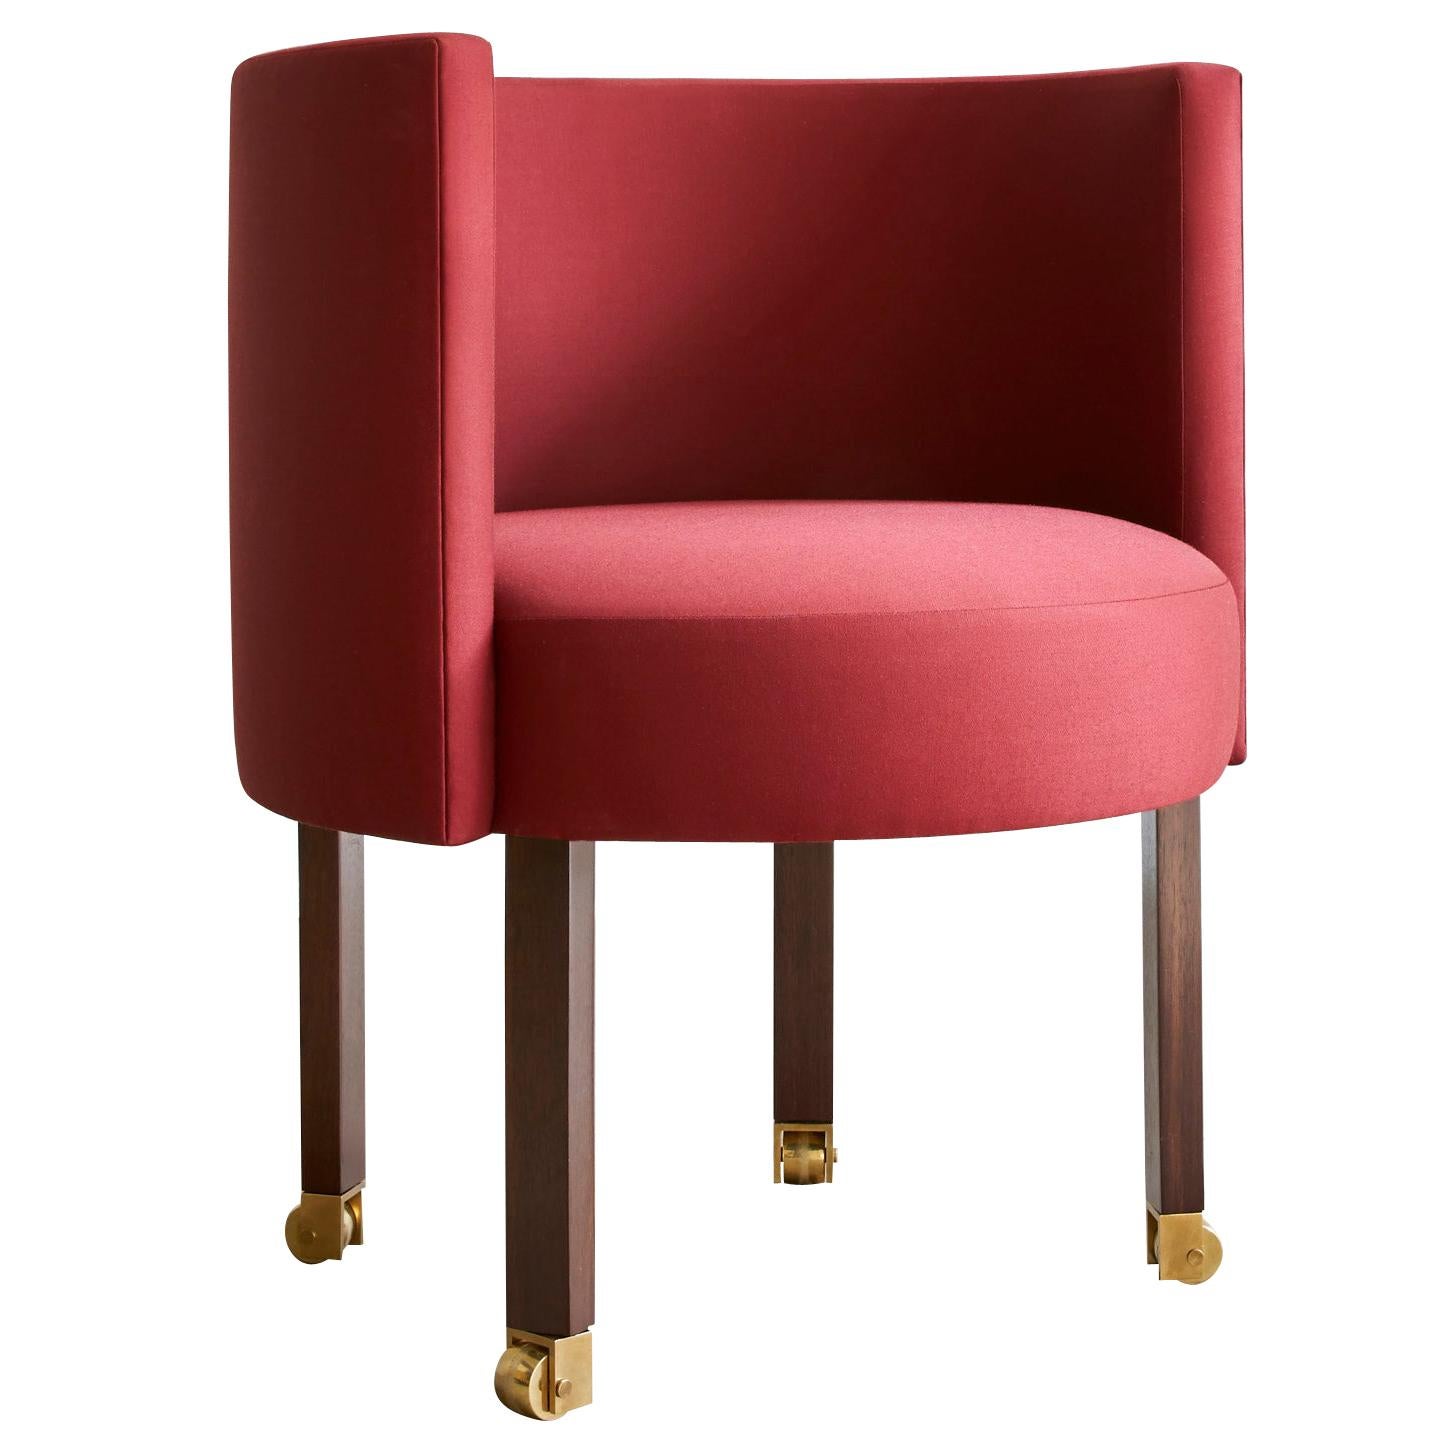 Regency Dining Chair by Billy Cotton in Burgundy Fabric, Walnut, and Brass For Sale
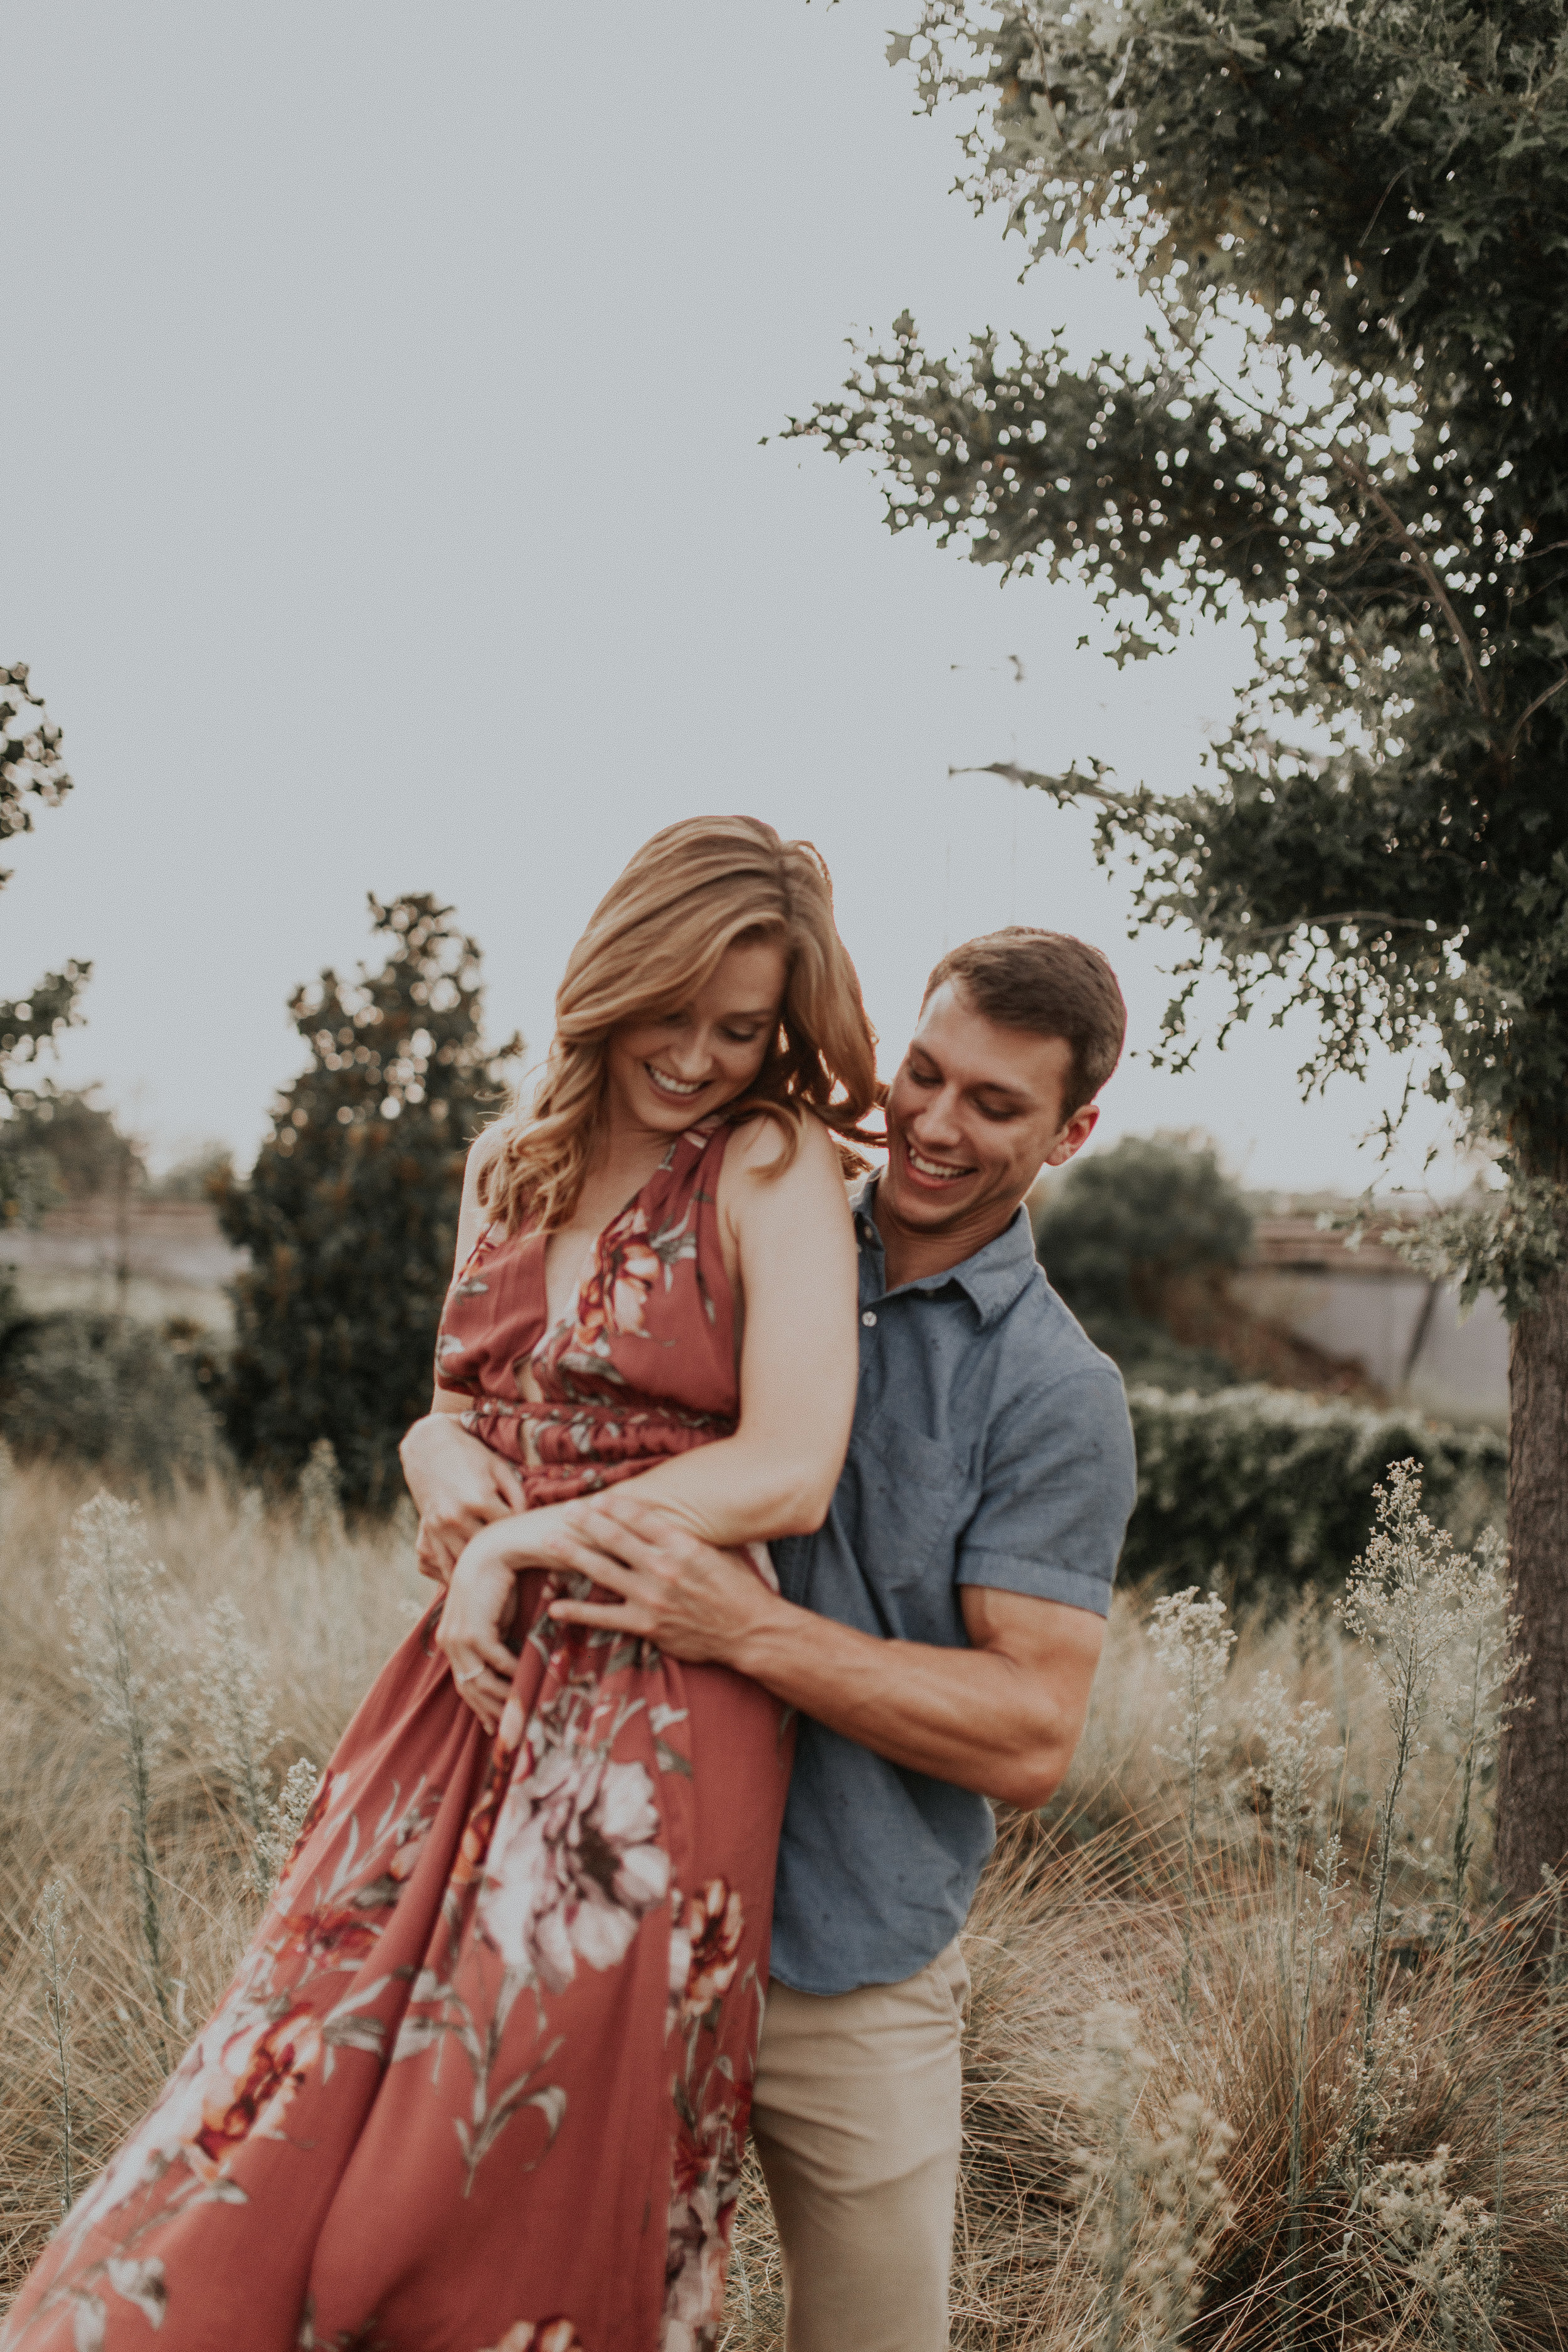 katie and brandon _ engagement session _ 08-5-1700210.jpg
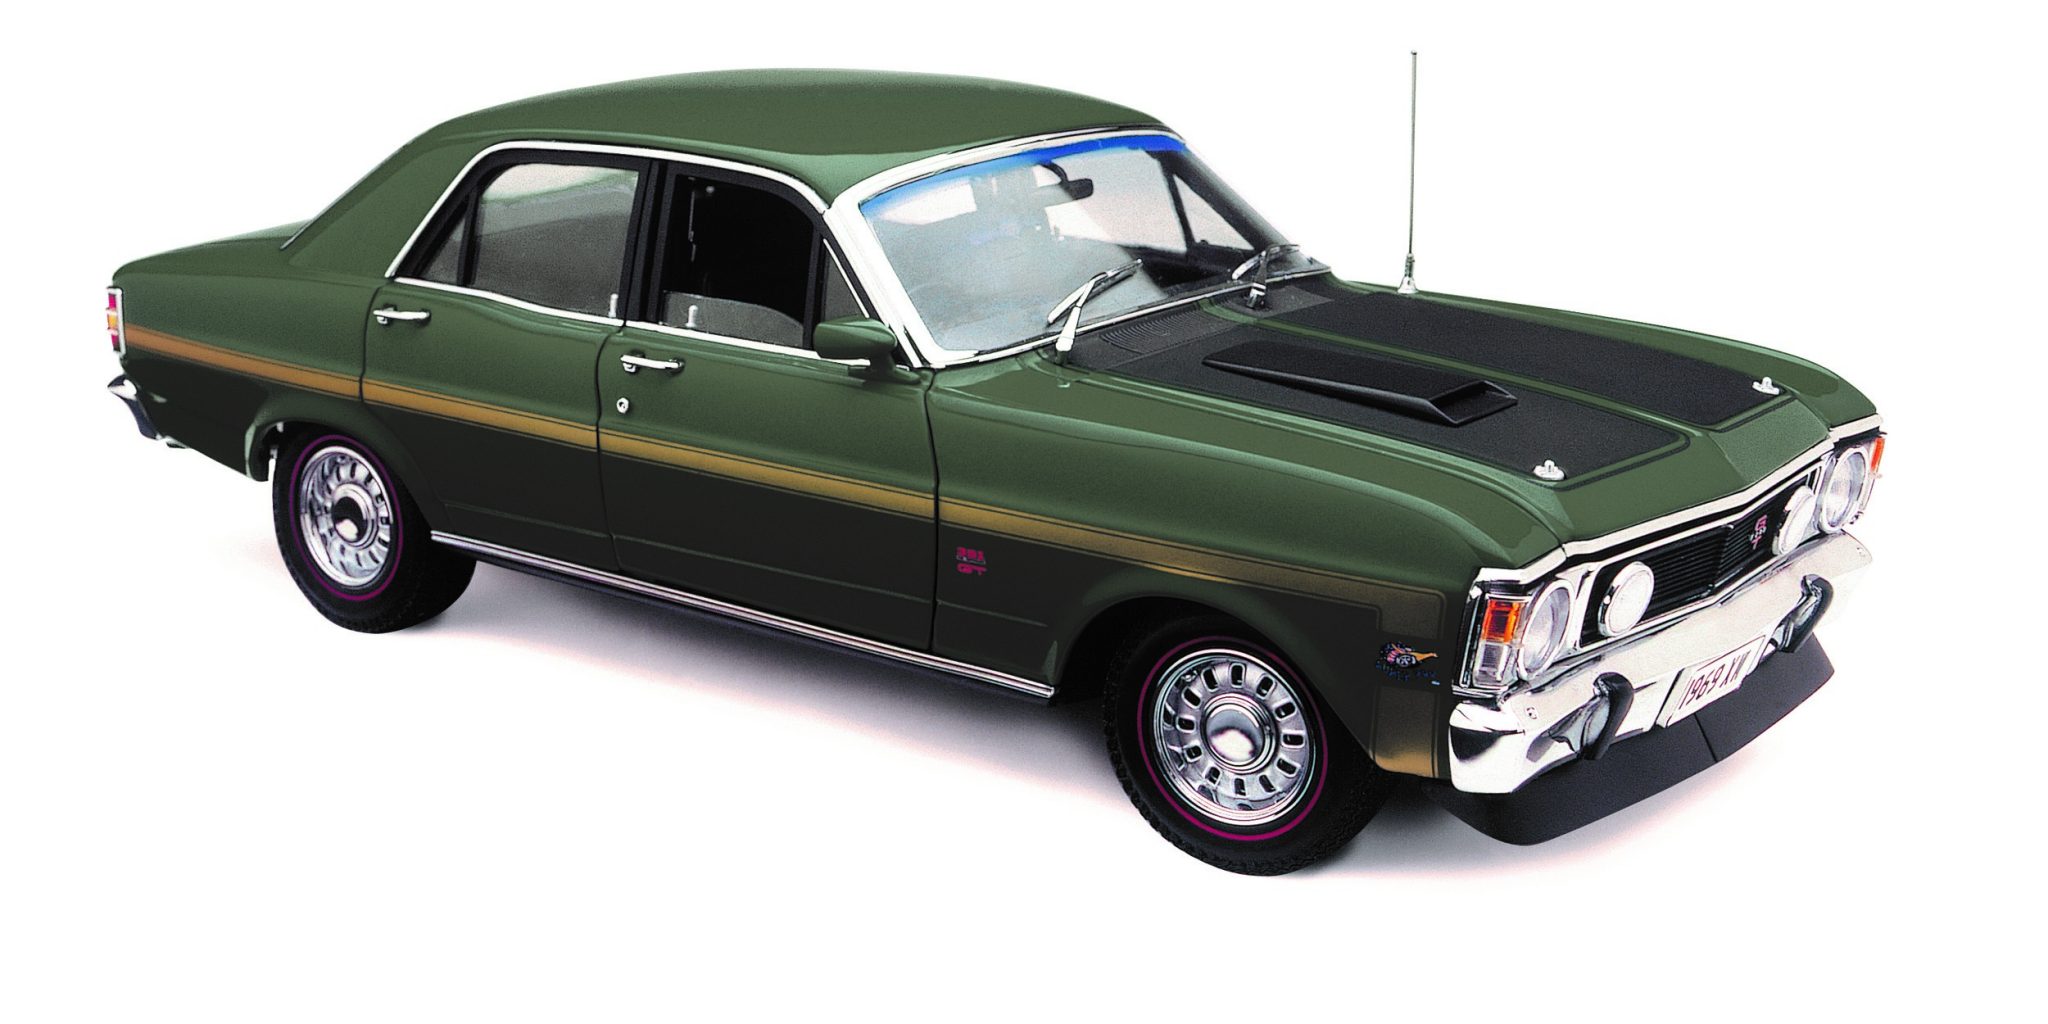 PRE ORDER - Ford XW Falcon GT-HO Phase II Reef Green Diecast 1:18 Scale Model Car (FULL PRICE - $279.00)

| WHAT TO WORK ON |
When you write out the material again, keep every word exact and omit the pictures.

| TASK ANSWER |
 Regency Dining Chair by Billy Cotton in Burgundy Fabric, Walnut, and Brass For Sale
 katie and brandon _ engagement session _ 08-5-1700210.jpg
 PRE ORDER - Ford XW Falcon GT-HO Phase II Reef Green Diecast 1:18 Scale Model Car (FULL PRICE - $279.00)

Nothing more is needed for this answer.